Jean-Paul Delevoye a confirmé qu’une réflexion était en cours : « Il y a un débat là-dessus […], ça fait partie des arbitrages […]. Mon rôle à moi est de m’assurer que ça n’entraîne pas d’incompatibilité avec le projet » de réforme, a-t-il déclaré mercredi en marge d’un colloque de l’IPP, l’Institut des politiques publiques, usant de son humour habituel pour éviter d’en dire davantage.
La retraite par points, elle, attendrait 2020. En ce cas, Delevoye présenterait les grandes lignes de ses préconisations à la mi-juillet, mais les détails du texte de loi ne seraient pas dévoilés avant l’hiver. Le débat à l’Assemblée aurait lieu « plutôt à l’horizon 2020 », selon une source gouvernementale à l’AFP. Il sera alors tentant de laisser passer les élections municipales du mois de mars, pour éviter que la question des retraites s’invite parmi les thèmes de la campagne…

Et si la réforme était morte ?
Reste à savoir si les deux réformes sont compatibles. « Techniquement, oui, on peut tout faire », indique un des acteurs de la réforme. « Mais politiquement, non. C’est l’une ou l’autre. Car la retraite par points est une réforme de long terme qui prendra une quinzaine d’années à mettre en place. Impossible de la vendre aux Français sans leur donner la garantie qu’on ne touchera pas aux droits acquis. Si vous commencez par une réforme paramétrique, les Français ne sont pas des crétins, ils en retiendront que vous rognez leurs droits. »
La confiance est déjà ébranlée par les discours dissonants au sein même du gouvernement – Agnès Buzyn ou encore Gérald Darmanin ont évoqué au printemps la nécessité de « travailler plus longtemps », notamment pour financer la dépendance. La majorité apparaît divisée. Le Premier ministre Edouard Philippe, issu de la droite, pousse pour des économies de court terme, l’œil rivé sur les comptes, et tant pis pour la retraite par points.
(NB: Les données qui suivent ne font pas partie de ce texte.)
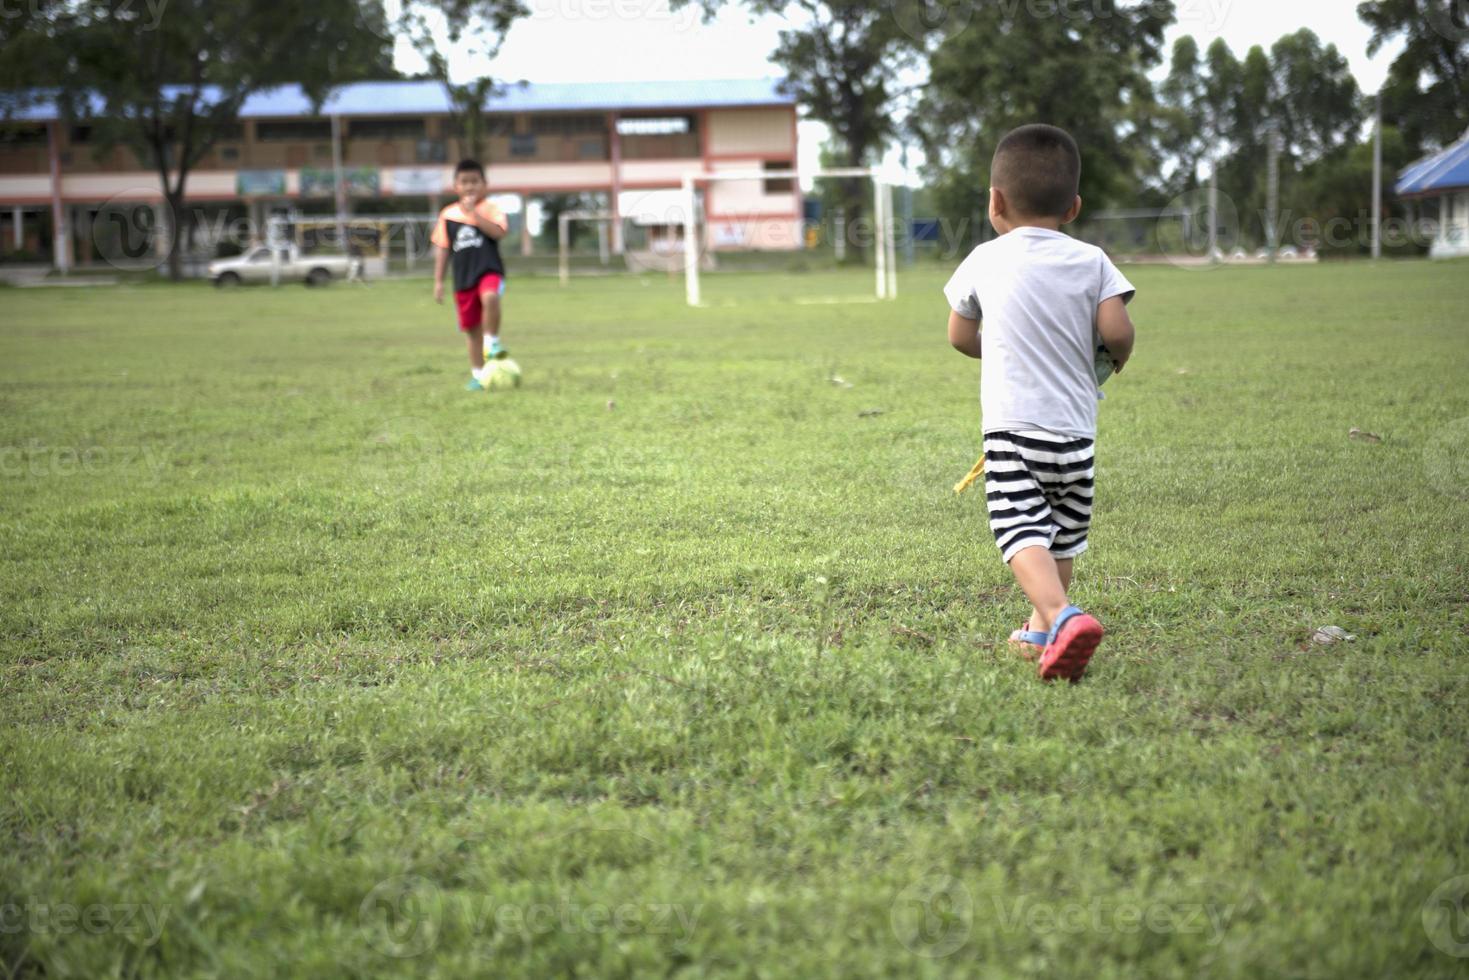 Junge, der auf einem Fußballplatz einen Fußball in der Hand hält, kleine Kinder wollen Fußball spielen

62 ou 64 ans ? Edouard Philippe et le piège de l’âge du départ en retraite
De l’autre côté, l’aile gauche des députés, déjà ébranlée par l’épisode des « gilets jaunes » et la réforme de l’assurance chômage. « La seule chose qui lie cette majorité composite, ce sont les engagements de campagne d’Emmanuel Macron », souligne un observateur, pour qui le risque est réel de voir des députés claquer la porte du groupe parlementaire en cas de reniement.
Entre les deux, des responsables de La République en Marche (LREM) plaident pour une forme d’enterrement en catimini qui sauverait les apparences : Delevoye présenterait son rapport durant l’été, suivi de la nomination d’un secrétaire d’Etat chargé de préparer les textes de loi, mais la réforme serait reportée après la présidentielle de 2022 : elle figurerait en bonne place dans le programme électoral d’Emmanuel Macron pour son second mandat (un scénario que nous présentions en février).

Quel sera le choix du président ? « Le match n’est pas plié », veut croire ce même observateur, qui souligne que la majorité parlementaire a été en partie construite par Jean-Paul Delevoye, ancien président de la commission d’investiture de LREM, « sa personnalité garde donc une certaine aura auprès des députés ».